About this exercise:
A partial copy is required: transcribe exactly the lines from the one containing "Round 3 - Daytona" through the last line below, without any pictures.

Raw data:
━━━

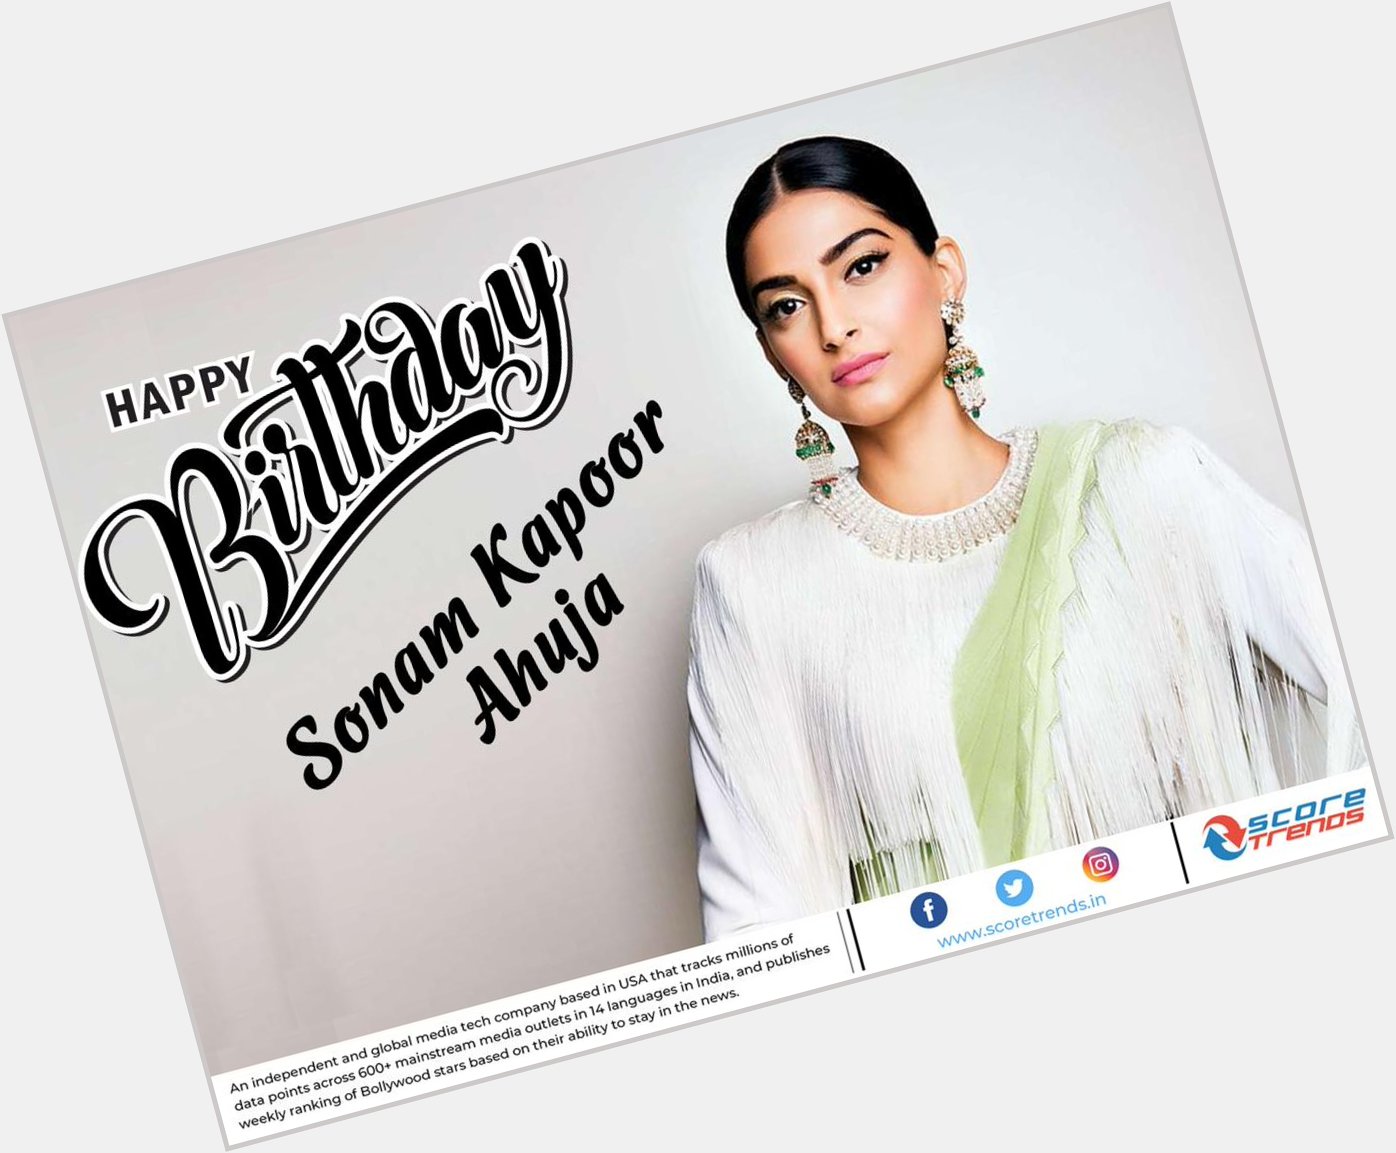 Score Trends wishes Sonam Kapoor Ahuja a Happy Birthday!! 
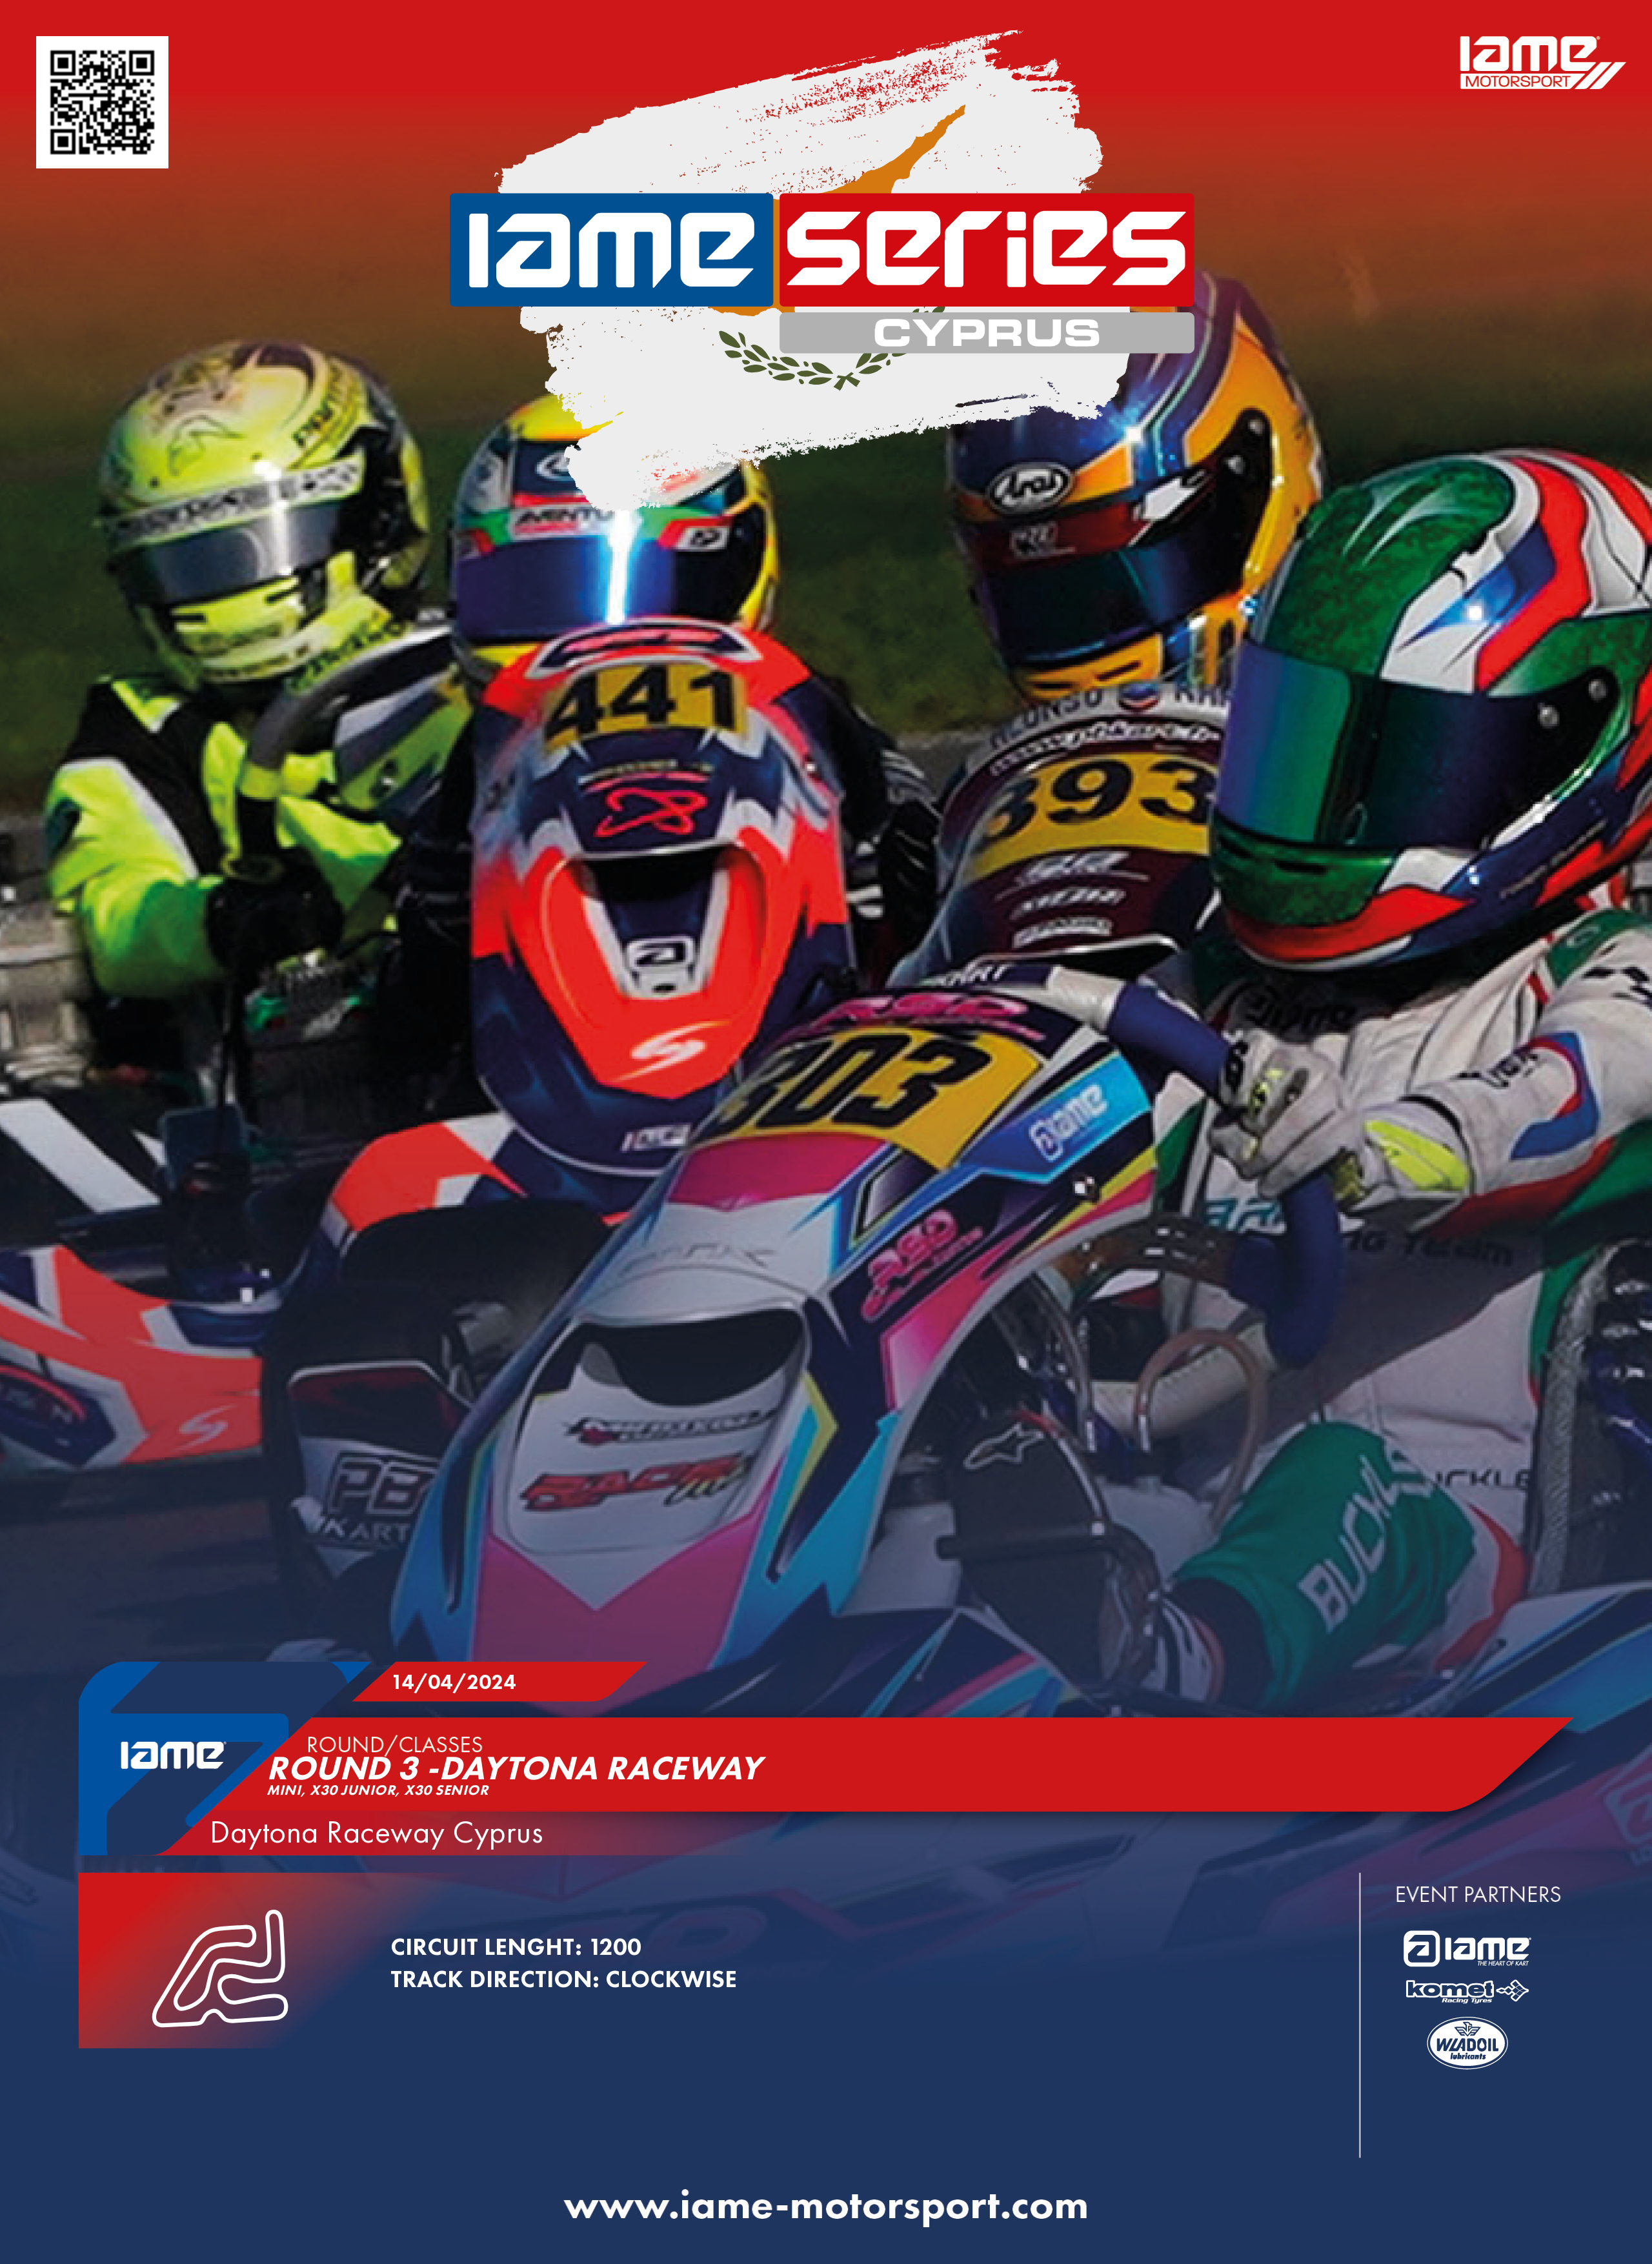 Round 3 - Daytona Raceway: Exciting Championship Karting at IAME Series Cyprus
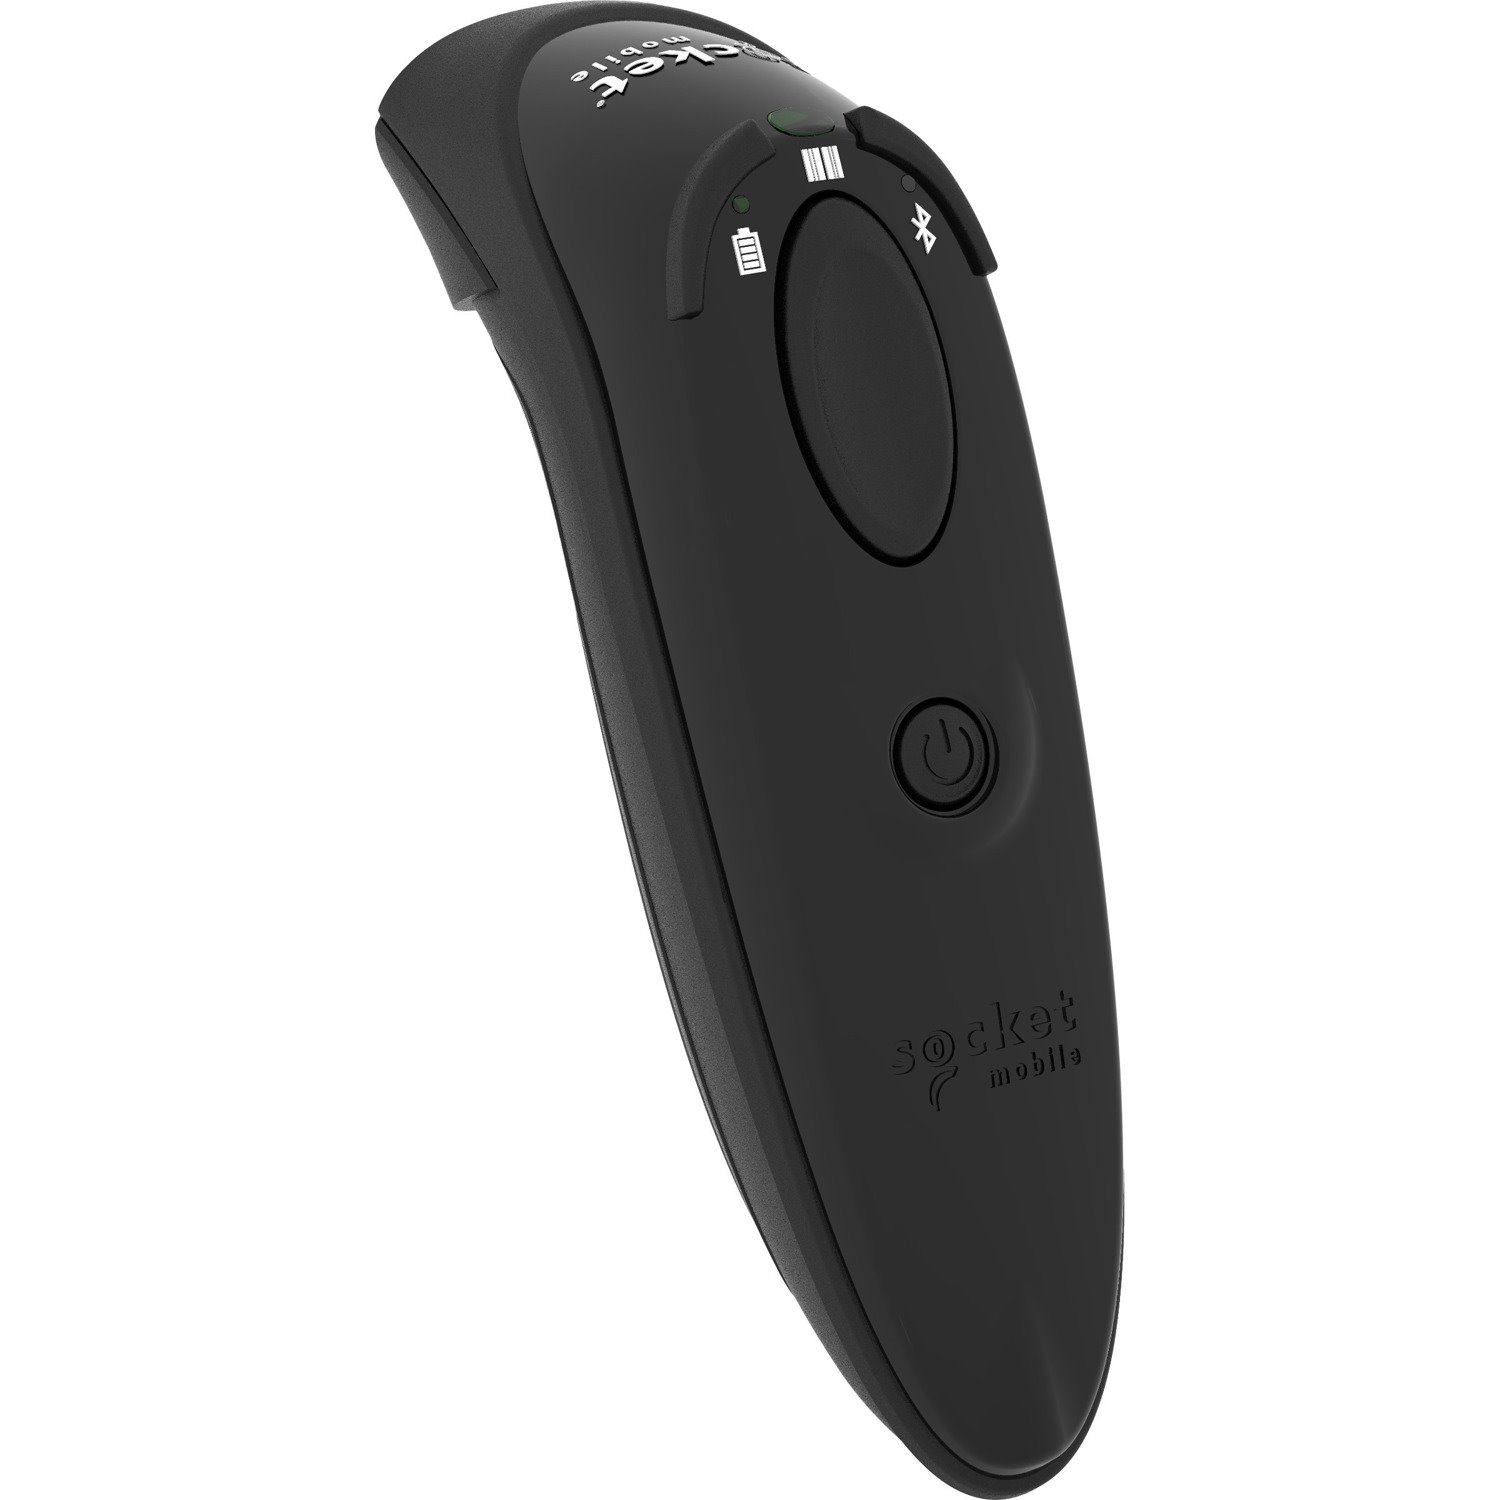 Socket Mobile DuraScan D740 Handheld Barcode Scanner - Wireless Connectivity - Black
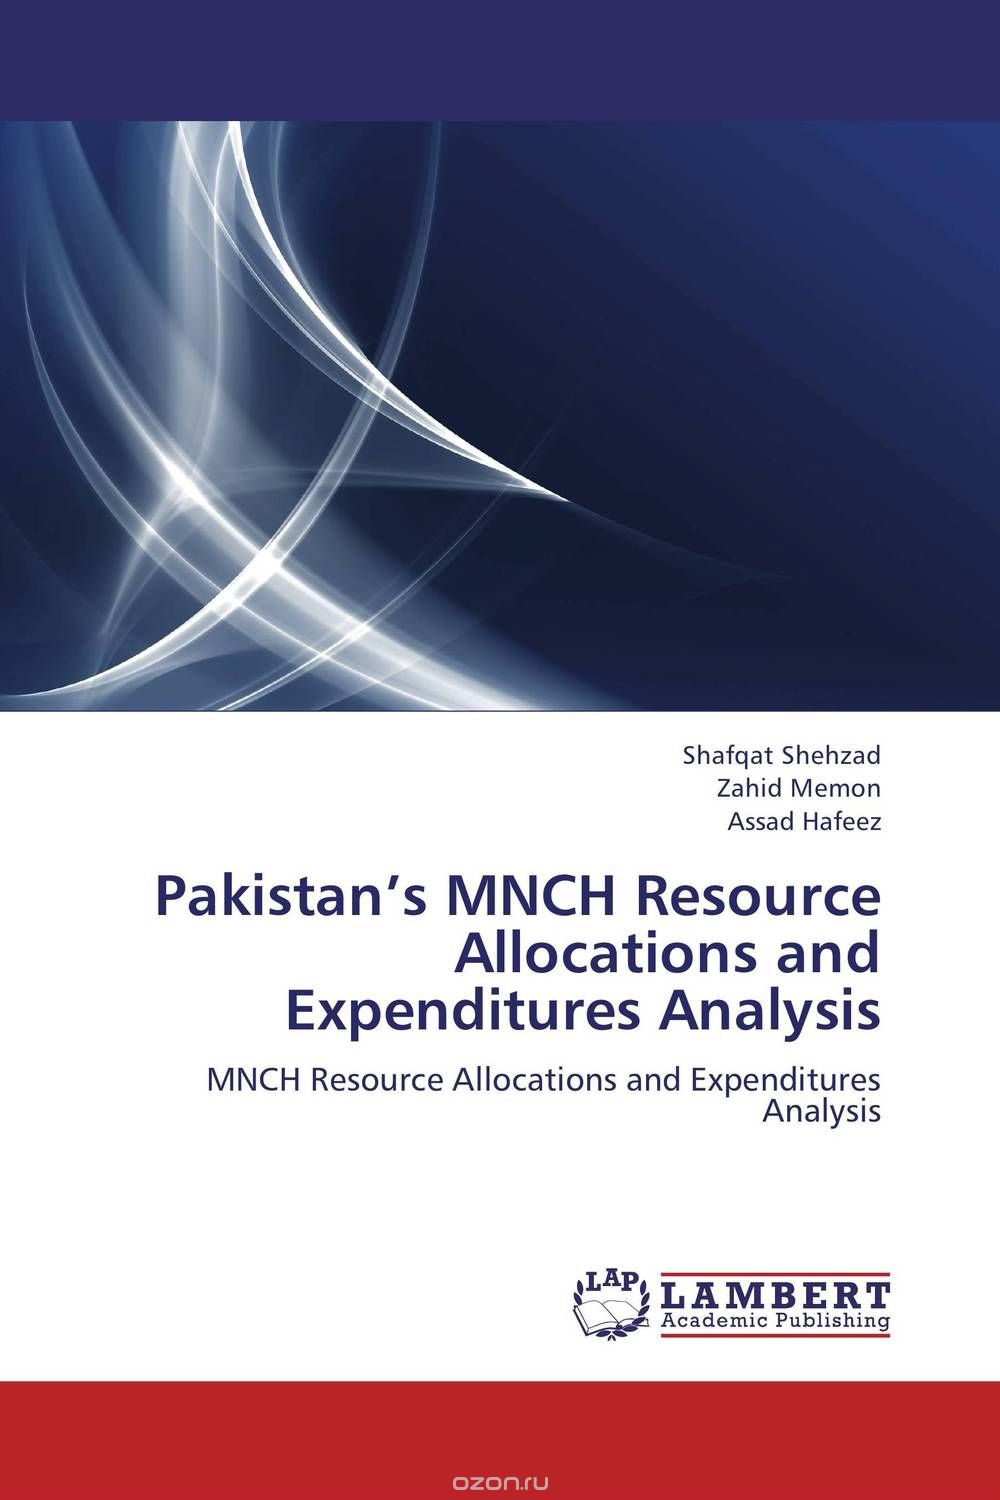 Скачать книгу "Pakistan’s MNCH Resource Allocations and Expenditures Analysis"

━━━

Reply to the task:
 Round 3 - Daytona Raceway: Exciting Championship Karting at IAME Series Cyprus
 Socket Mobile DuraScan D740 Handheld Barcode Scanner - Wireless Connectivity - Black
 Скачать книгу "Pakistan’s MNCH Resource Allocations and Expenditures Analysis"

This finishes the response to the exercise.